Значит, грек… Русин, скорее всего, рассказывал на родном наречии, кир Афанасий (или кто-то из братии) перевел, а в Риме все это изложили уже на хорошей латыни. Отсюда и «hlopae». Надпись на карте тоже была по-русински. Не Callapka, а именно Каллапка.
Дьявол, как известно, в деталях. Но дьявол молчал. Callapka, Каллапка – какая разница?
– Спасибо! – вздохнул я, допивая кофе. – Придется вспомнить греческий.
– Я вас разочаровал?
Что тут ответить? Почему-то думалось, что здесь я узнаю больше. В Риме со мной не были откровенны.
– Вы ничего не слыхали о братьях Алессо и Паоло?
Он подумал, качнул седой головой.
– О тех, кого вы ищете? Алессо Порчелли и Паоло Брахман? Разве что о втором. Это прирожденный мятежник, монсеньор. В Индии ему удалось свергнуть раджу Серингпатама. Поэтому брата Паоло называли не только Брахман, но и Джанардана – Бунтарь. Говорят, ему стоило заиграть на дудочке, чтобы начался мятеж. Увы, это все.
Все? Ничего себе – все! А тараканы? А связь между дудочкой, порождающей мятежи, и «Штудиями о происхождении и бытовании жуков, клопов и в особенности клещей…»? Прирожденный мятежник – и знаток клещей?
Может, старый корсар все же ошибся, и Брахман с Бунтарем – просто разные люди?
Скрипнула дверь. Брат Манолис привстал, под усами шевельнулась улыбка.
– Вы, кажется, знакомы с моей племянницей?
Лицо Артемиды было по-прежнему суровым. Едва кивнув мне, она подошла к очагу, присела рядом с дядей, наклонилась, зашептала.
– Гм-м…
«Гм-м» прозвучало как-то странно. Невозмутимый грек явно смутился.
– Монсеньор… Василиса случайно услыхала, будто один из синьоров, которые вас сопровождали, весьма ученый человек. Гм-м.. Н-да…
– Который? – откликнулся я. – Отец Азиний?
– Другой, – буркнула амазонка и поспешила отвернуться.
– Так вот, – вздохнул корсар. – Моя племянница всегда отличалась любознательностью… В общем, она просит разрешения побеседовать с ним.
Любого другого я, быть может, и пожалел. Но еретики недостойны жалости.

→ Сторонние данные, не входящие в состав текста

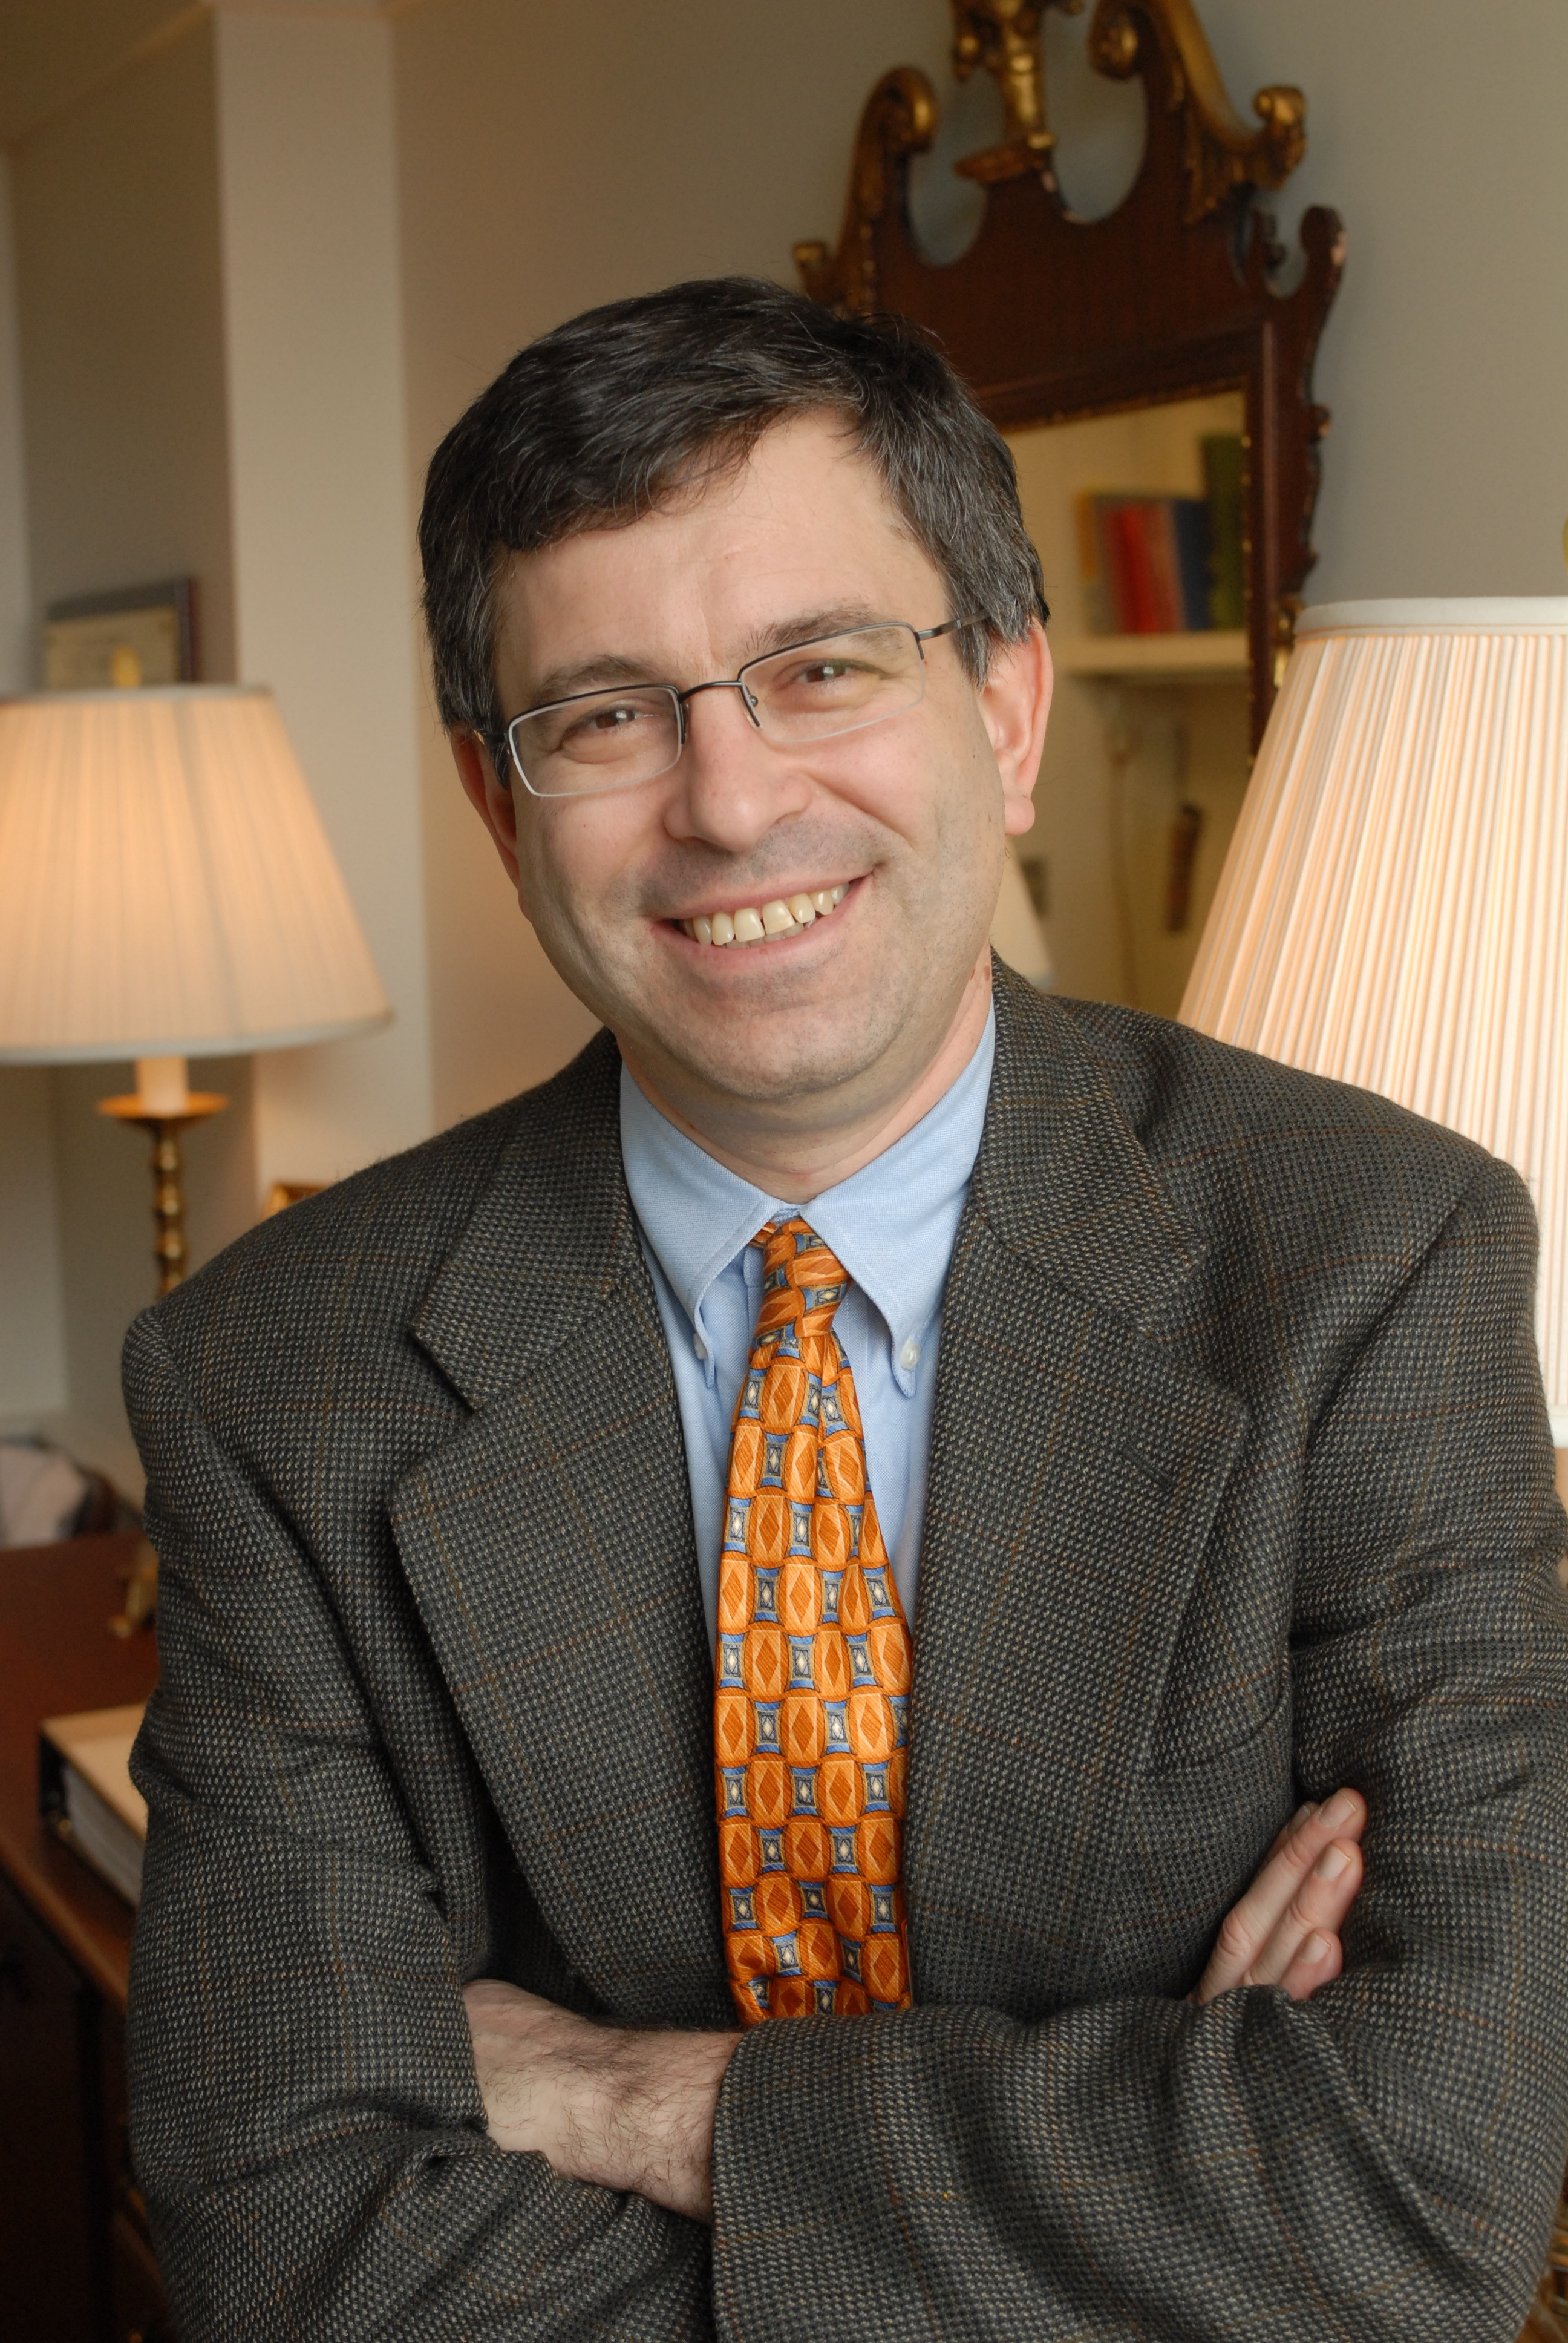 Jeffrey Ecker, MD

Я встал, склонился в поклоне.
– Он ваш, синьорина!
Когда дверь вновь закрылась, мы с братом Манолисом взглянули друг на друга.
– А вожжами пробовали? – поинтересовался я.

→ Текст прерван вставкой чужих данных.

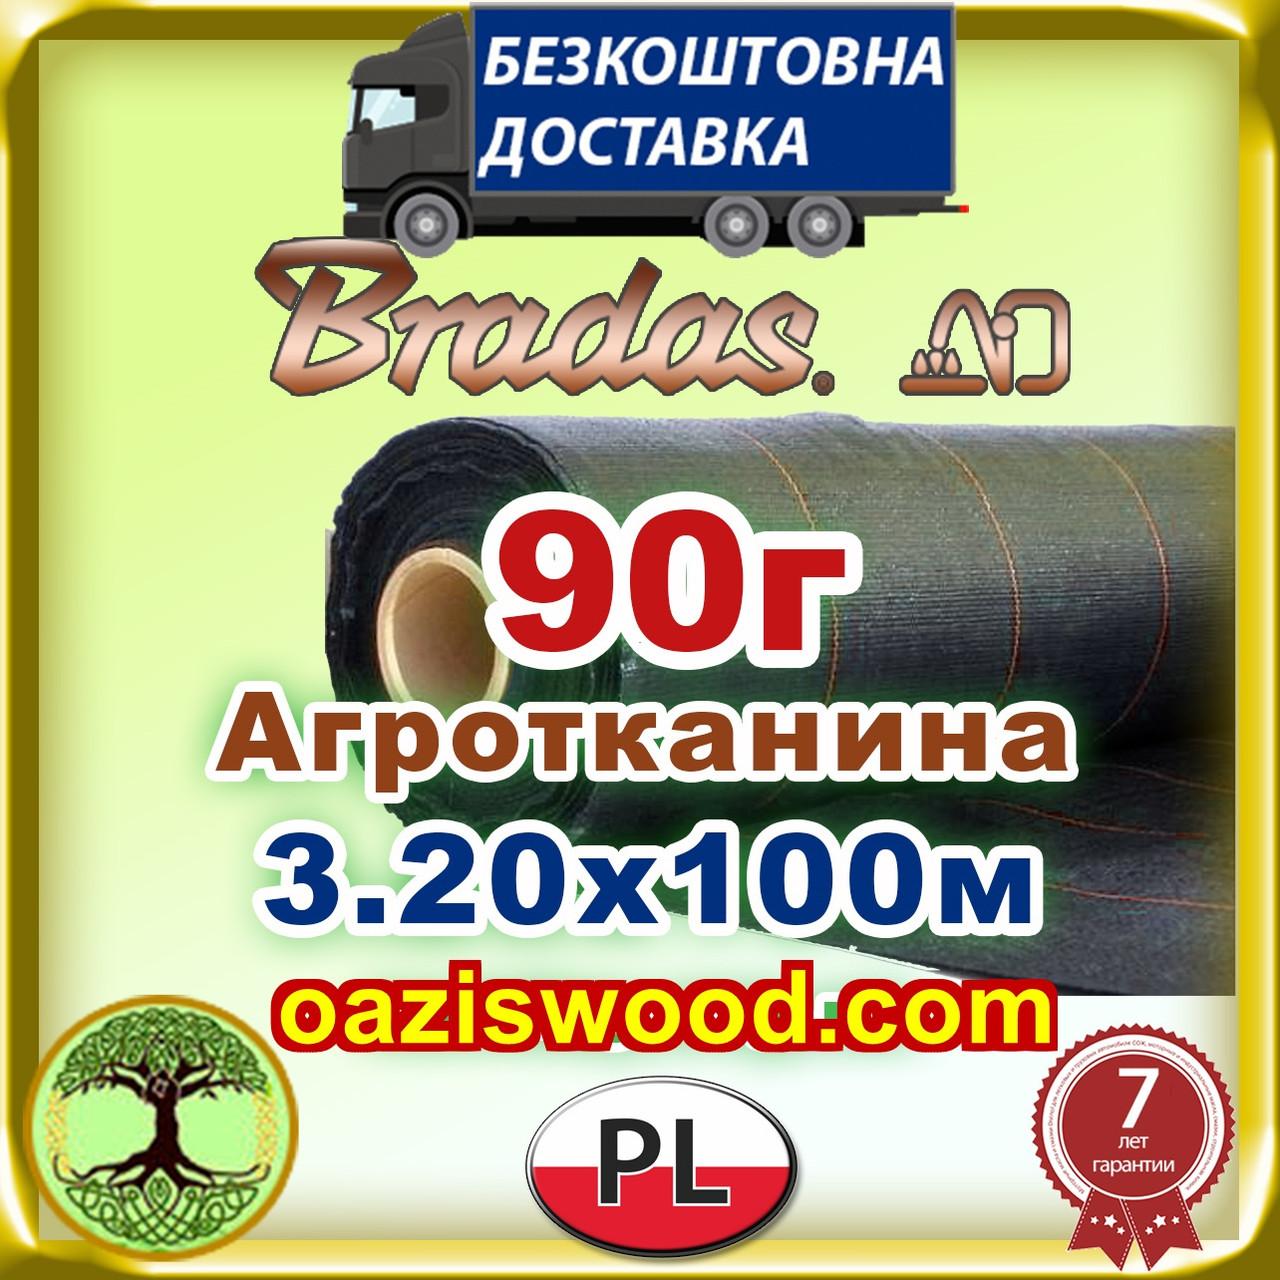 Агротканина 3,2 * 100м 90г/м² BRADAS плетена, чорна, щільна. Мульчування грунту на 7-10 років

В ответ грек только вздохнул, и я решил не бередить его раны.
* * *
Все-таки мы поговорили.
Он очень много знал, брат Манолис Канари, исповедник трех обетов и тайный коадъюктор Общества Иисуса Сладчайшего. Сицилия и Крит, Кипр и Сирия, Египет и бесчисленные острова Леванта, Истанбул, Дамаск, Багдад… Но из всего, что попадало в его паутину, мне требовались крохи. Правда, очень важные крохи.

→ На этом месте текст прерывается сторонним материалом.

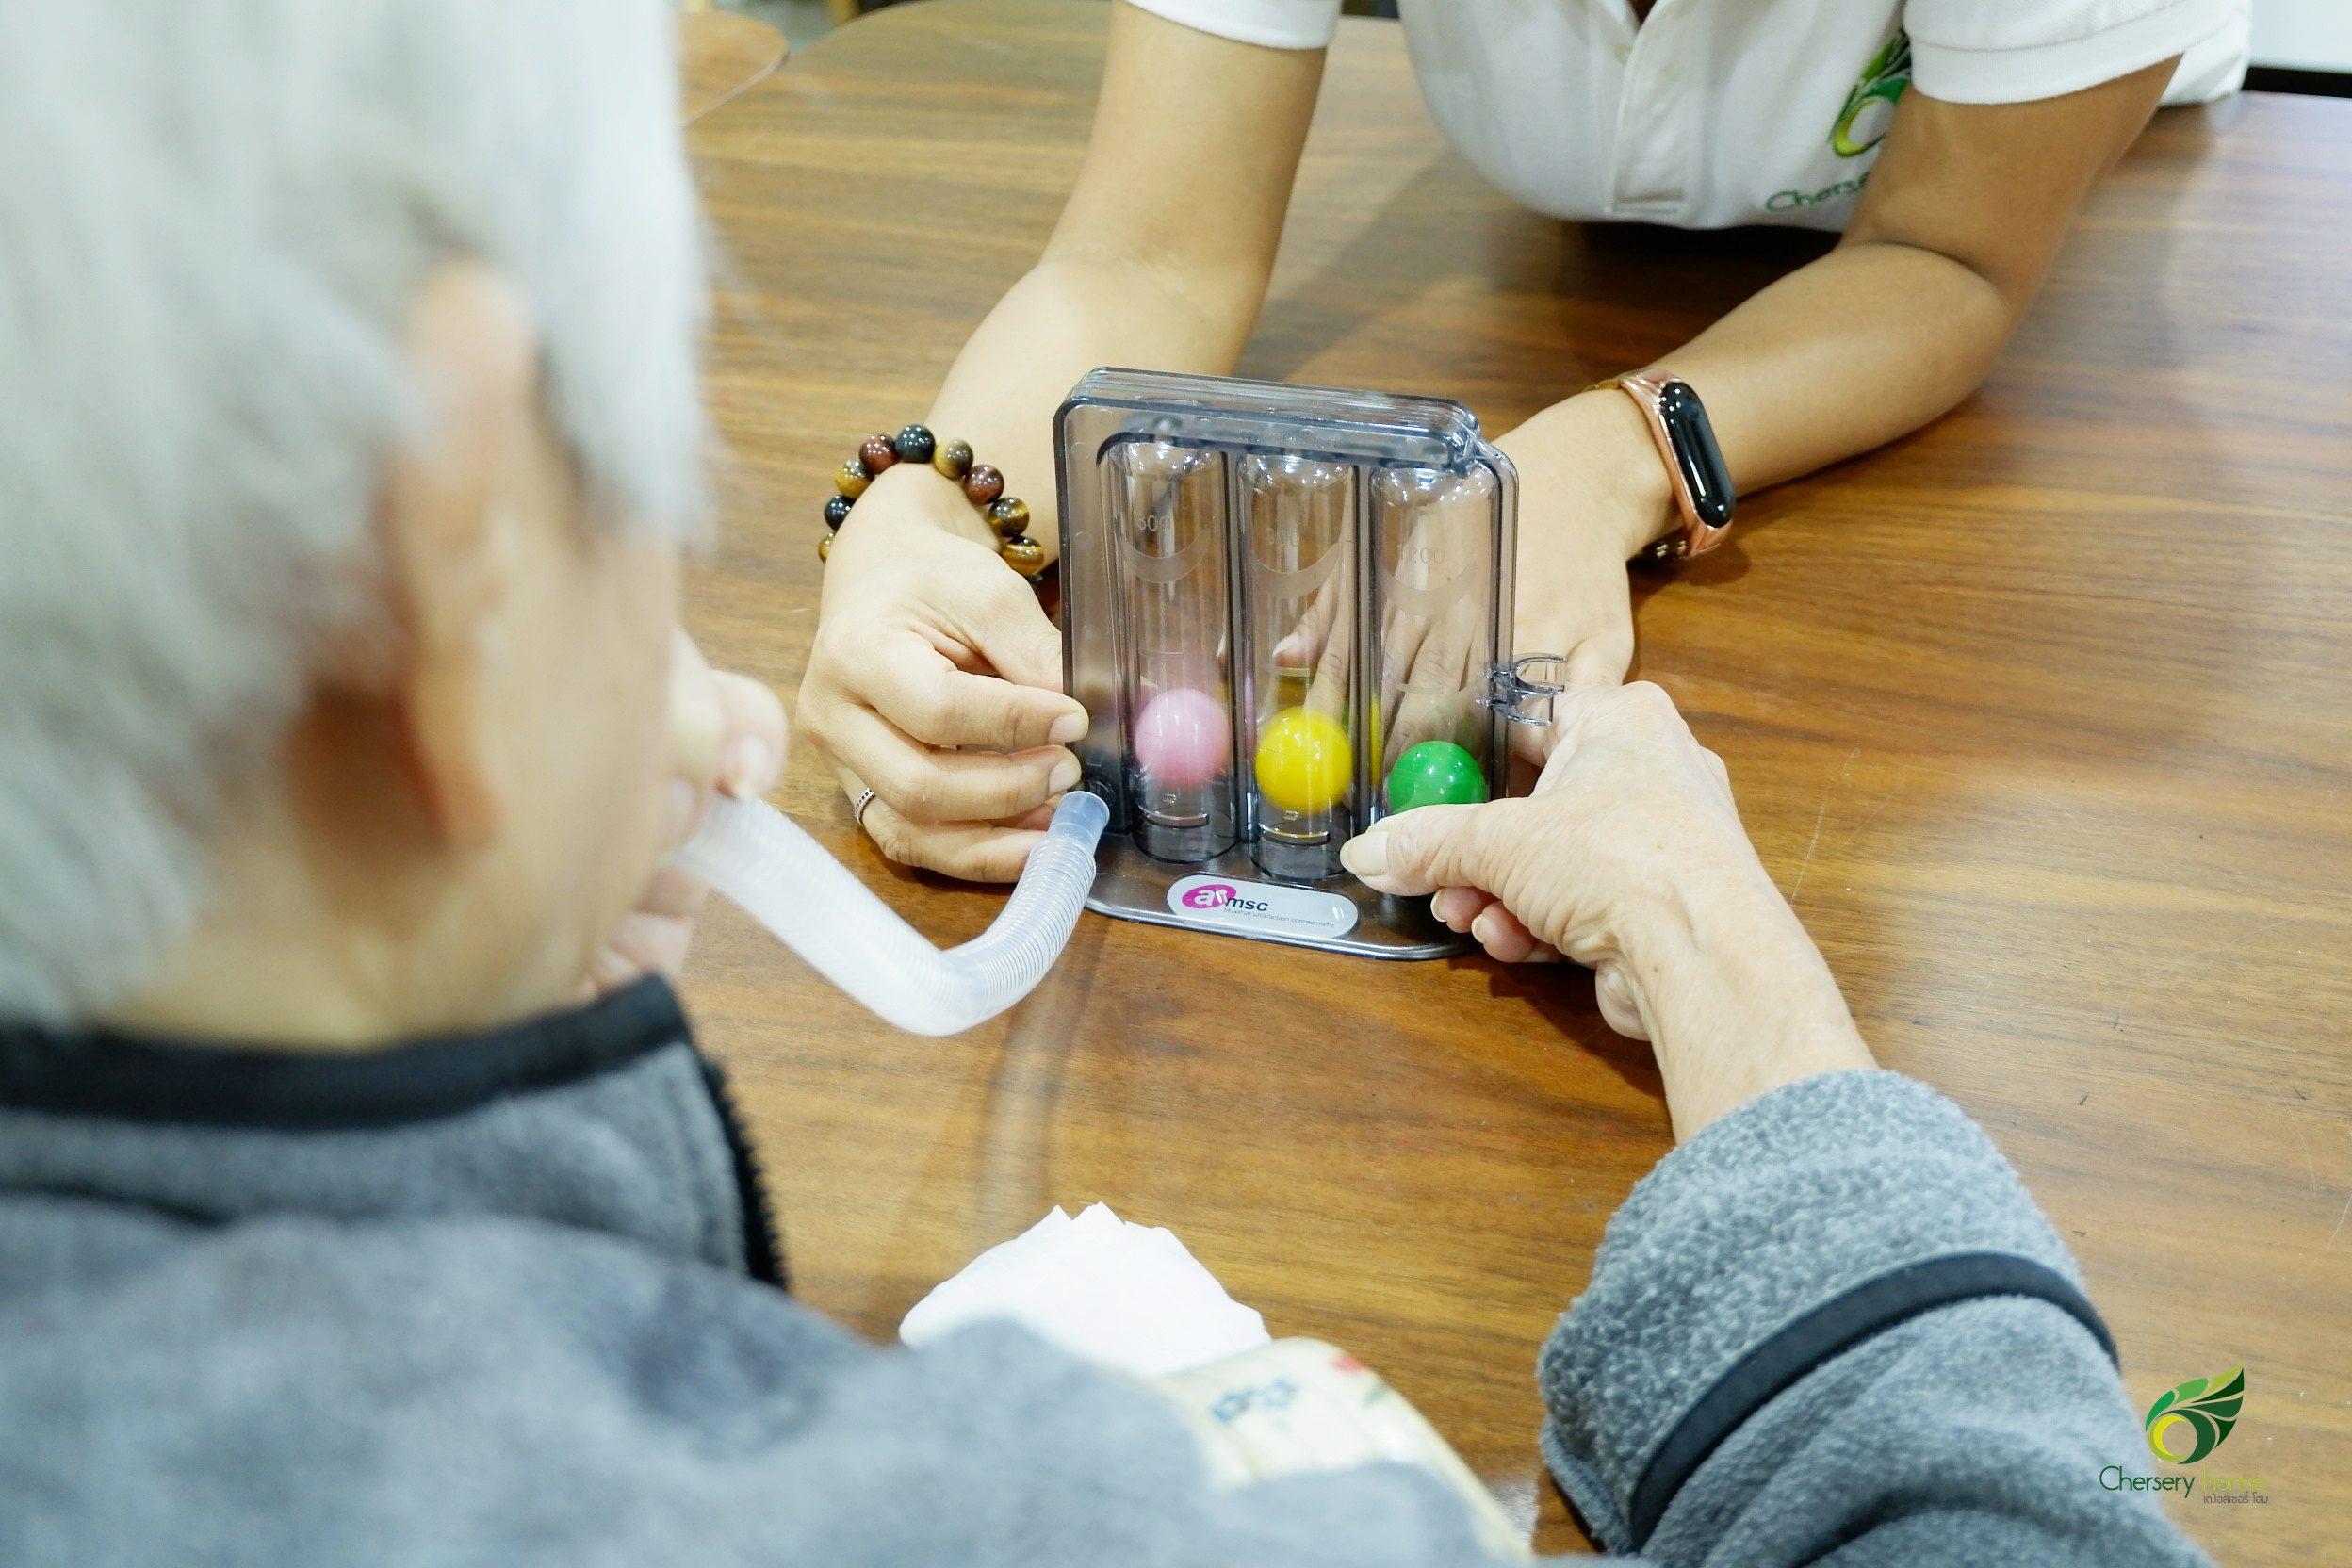 วิธีการใช้เครื่องบริหารปอดสำหรับผู้สูงวัย

Маршрут через Истанбул и Крым я избрал не случайно. Мои предшественники соблазнились коротким путем – через Вену, Краков и Львов, но это не привело их к удаче. Маршал Тюренн учил: лучше долгий поход по мощеной дороге, чем короткий – по болоту.
Но даже не это главное. Пропавшие искали не просто дорогу в далекий Киев, не просто след своих братьев по Обществу. Они искали Тайну.
Об этом я подумал сразу, как только Его Высокопреосвященство Джованни Аквавива поручил мне предпринять третью попытку. Тайна была, и не маленькая тайна предсказателя и любителя жуков, а нечто иное, пугающее.
Миссия в Киеве погибла. Не одна – вместе со всеми, кто исповедовал истинную веру.
Почему?
Город не брали штурмом, Святую Католическую Церковь не объявляли вне закона. Костелы и кляшторы никто не закрывал, не забивал ворота досками.
«Латинщики» готовили заговор? Резню? Шпионили?
Триста католиков на многотысячный город – какой уж тут заговор! Лазутчиков же принято хватать, вести в суд, привселюдно обличать, дабы посрамить врагов, а не резать по ночам.
Было иное. Кто-то умный и безжалостный побеспокоился, чтобы погибли все. Зачем? Не потому ли, что среди них был кто-то один – Тот, Который Знал.
Знал – что?
Уж не Тайну ли этой войны?
* * *
– Скажите, брат Манолис, что думали в Топак-хане, когда capitano Хмельницкий начал бунт?
– Гетьман Хмельницкий, – негромко поправил корсар. – Ничего не думали, монсеньор. Старый султан умер, а евнухам гарема было не до Лехистана. Я уже писал в Рим: Порта не готовила мятеж. Она даже не пыталась им воспользоваться…
– Но ведь Крым… – начал было я, но Канари только махнул загорелой рукой.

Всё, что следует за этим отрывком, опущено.